I LOVED Zaftique! About 5 years ago, I bought a gorgeous black and deep purple crushed velvet gown for 25 dollars, that was on clearance from 100 dollars! It was in size 3x and I still have it, waiting to take it in somehow.


----------



## LillyBBBW (Jan 25, 2006)

AnnMarie said:


> I like cotton as much as the next gal, but I rarely find it styled enough to fit well, or hold it's shape. It's just a fact, Jack, so I think that's where a lot of the synthetics end up topping the charts.



I'm with you on that. If I find something in cotton that fits well it's only good for one wearing. After that it never looks the same again.

I'm a slob. I bump into things, spill stuff on myself, get caught on door jams, I sit in gum. I can't spend a lot of money for clothes or deal with anything that requires a lot of extra maintenance. If it can't be thrown in the wash with all the other stuff I can't use it. I have fancy stuff to sing in that I take excellent care of but the rest of my gear is all dispensable synthetic. If I really like it I'll buy two and when one gets damaged it's thrown in the garbage. And I refuse to spend over a certain amount of money for something made out of polyester. That's just not in me.


----------



## rainyday (Jan 26, 2006)

I detest synthetic. I feel like I'm walking around in Saran Wrap or some evil weight-loss-by-sweat torture device. Sadly Making It Big just started doing part of their clothes in polyester--think it was last season. I was aghast and wonder if they've been bought out. 

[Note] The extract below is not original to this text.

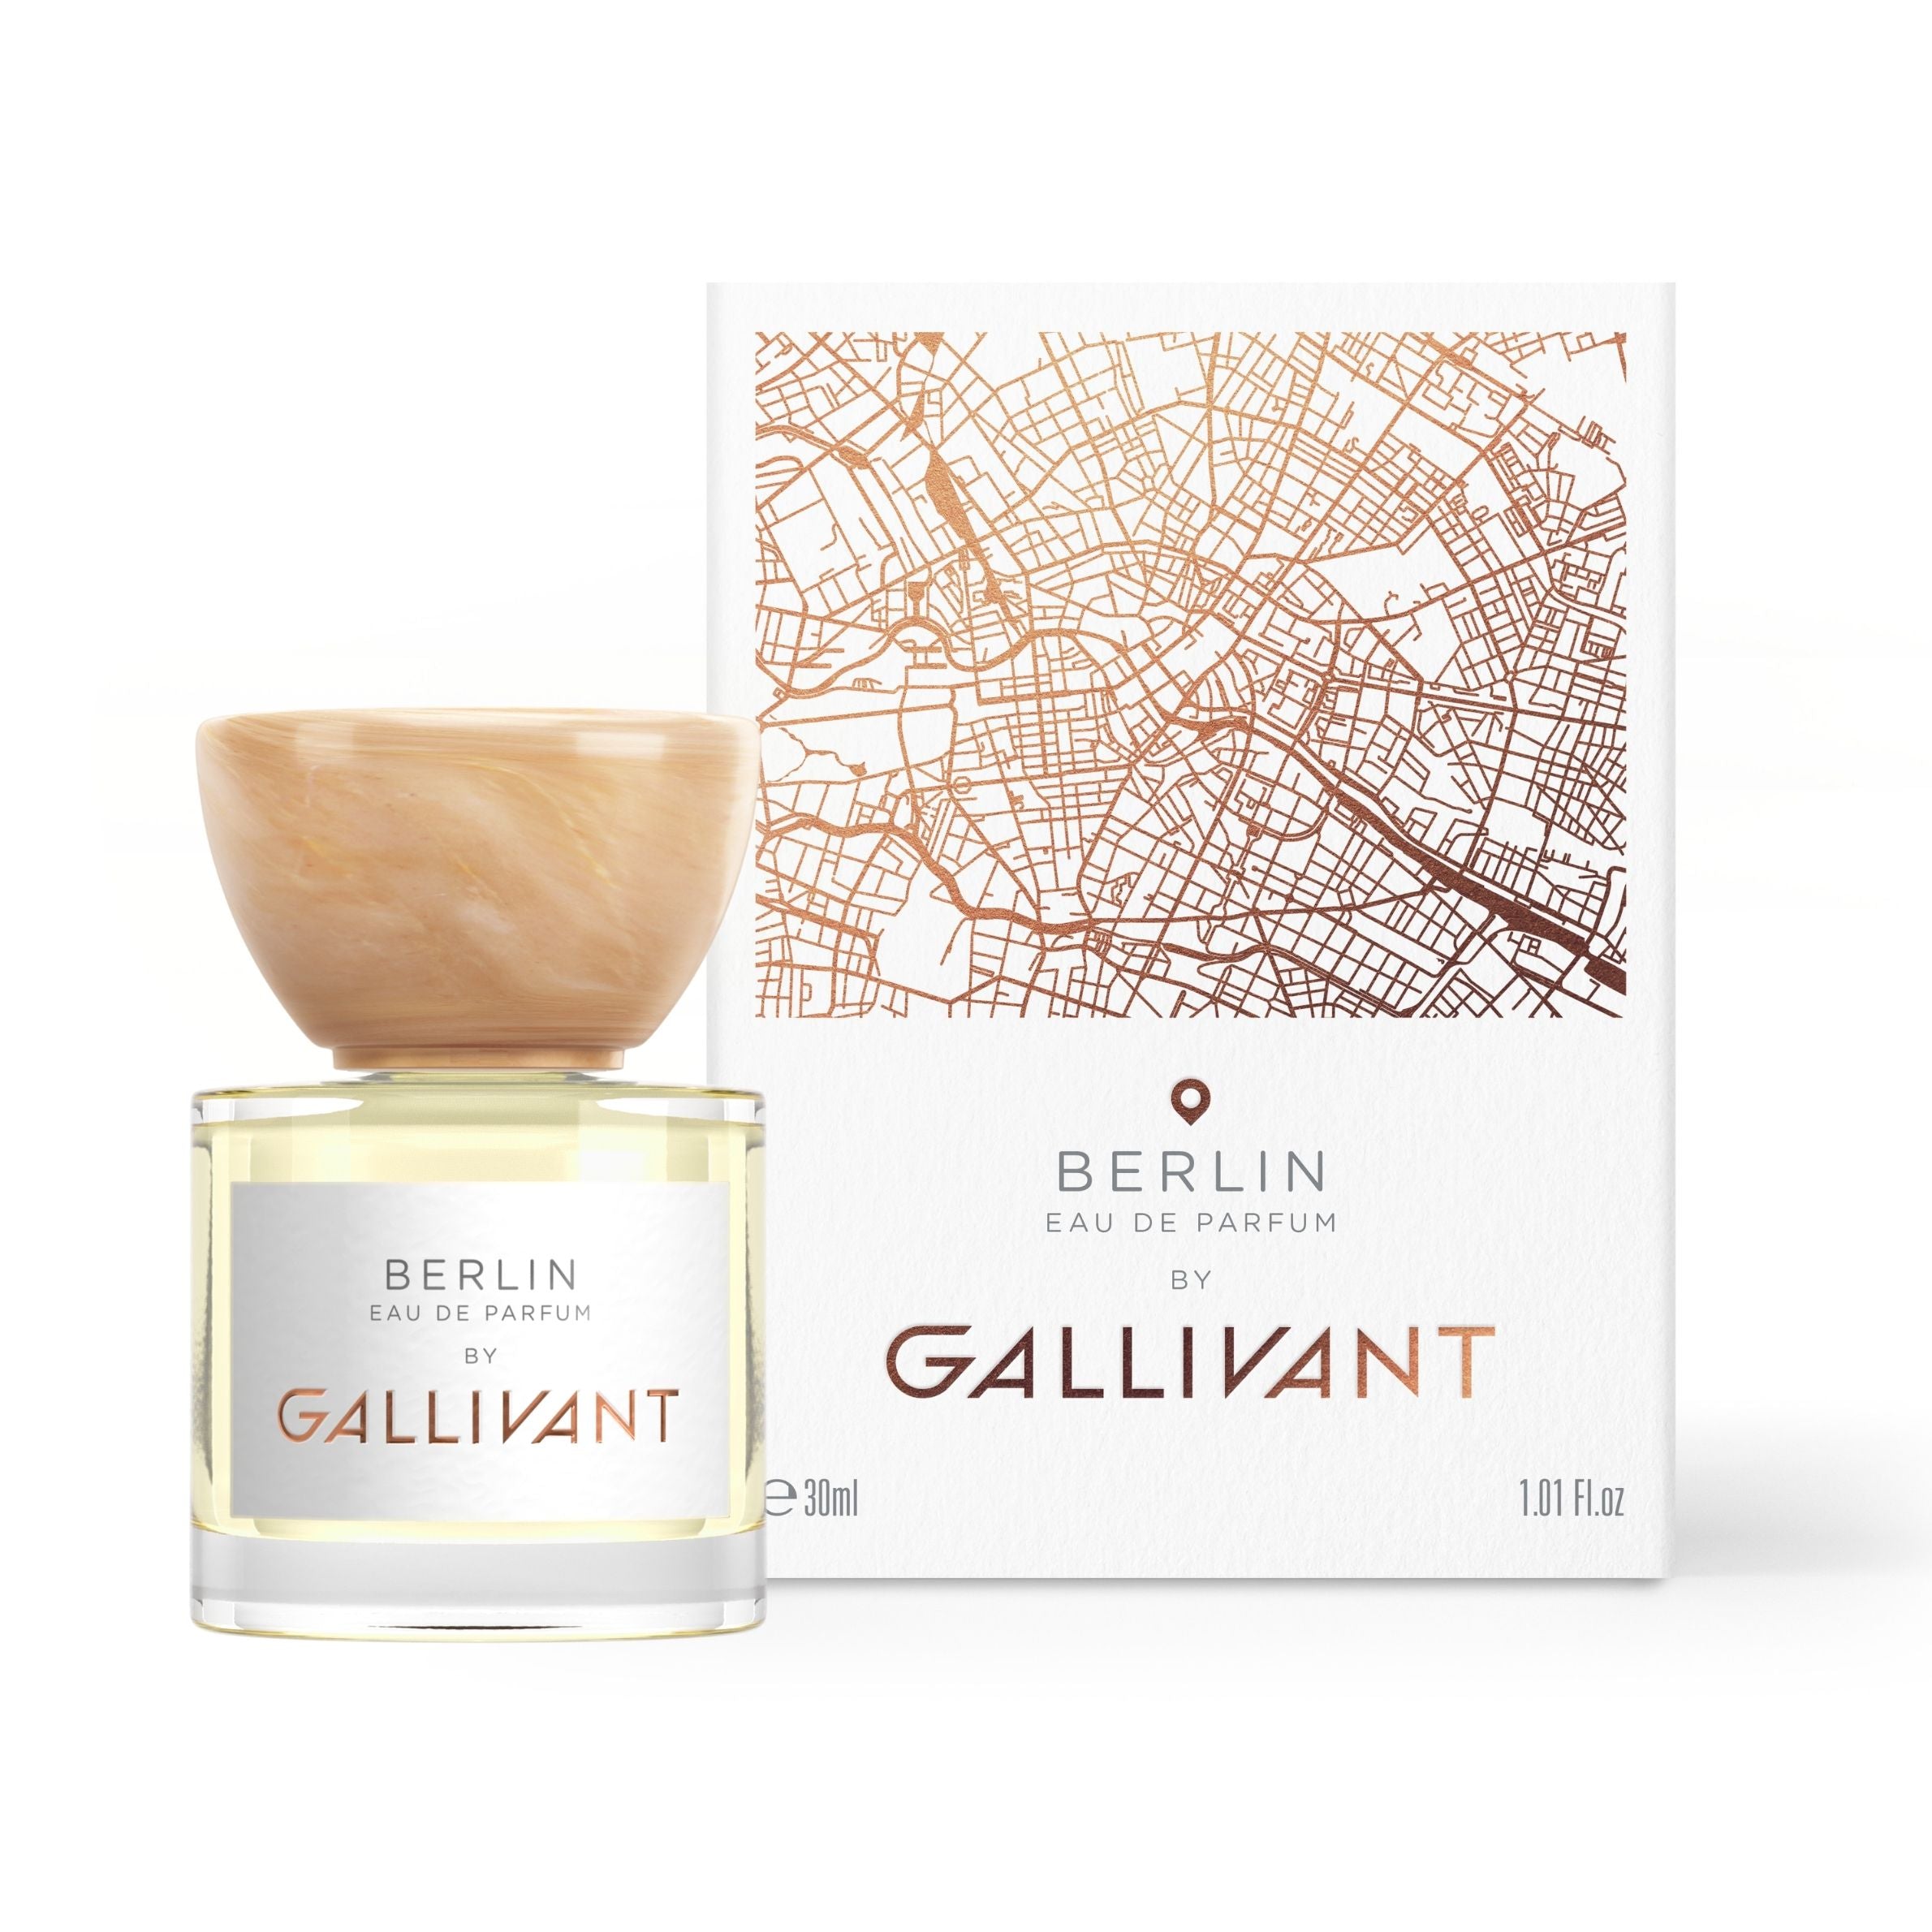 Berlin Eau de Parfum 30ml Bottle and Box by Gallivant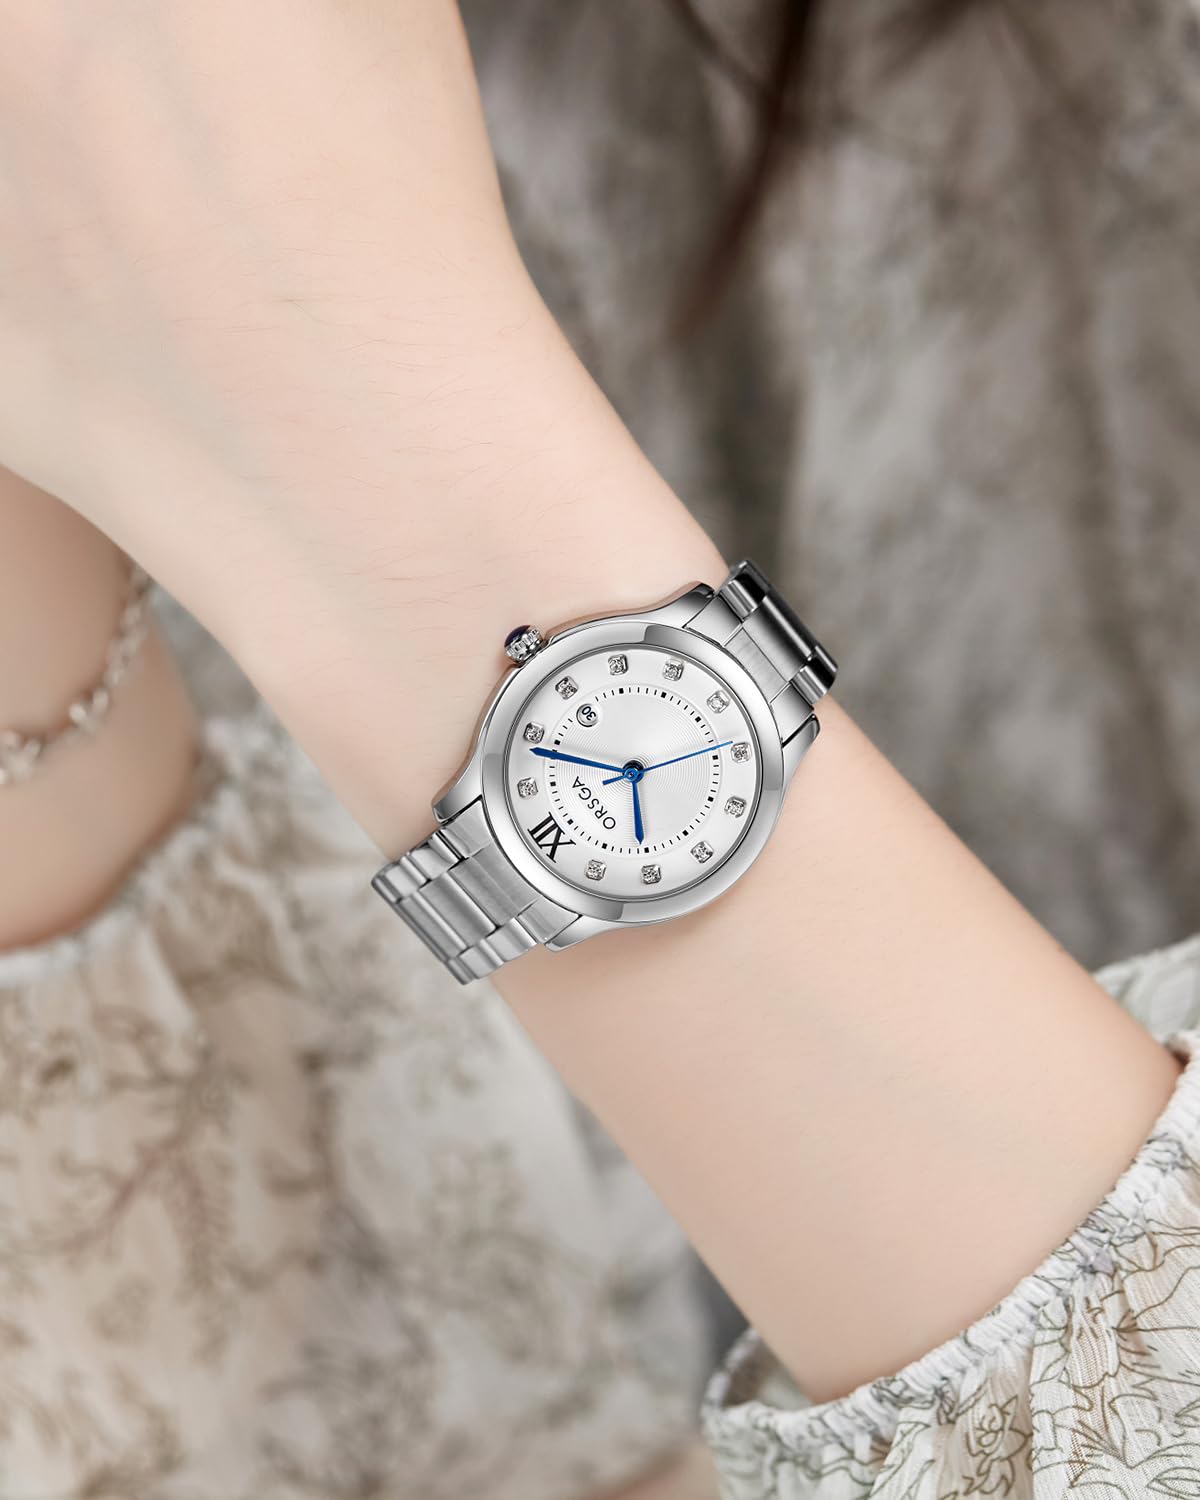 CIVO Paar Uhr Silber Edelstahl Minimalistic Analog Armbanduhr Damen und Herren Designer Wasserdicht Datum Quarz Uhren, Geschenke für Paare

Plus Woman sometimes has some very nice rayon fabrics, but for some reason they show most of their clothes in dowdiest fabrics in their selections. I've gotten pieces from them that I love, but it takes a lot of squinting at those little fabric squares and trying to imagine what it's going to look like.

Some of my favorite pieces--a black velvet button-up-the-back jacket and a beautiful filmy see-through pink shirt--have come from Love Your Peaches. The pink shirt is synthetic, but it's so pretty and feminine it's one time I haven't cared.


----------



## ripley (Jan 26, 2006)

MissToodles said:


> Tencel isn't a natural fabric but I can breathe in it.




I'm not sure, but isn't Tencel made from a wood fiber (therefore natural)?


----------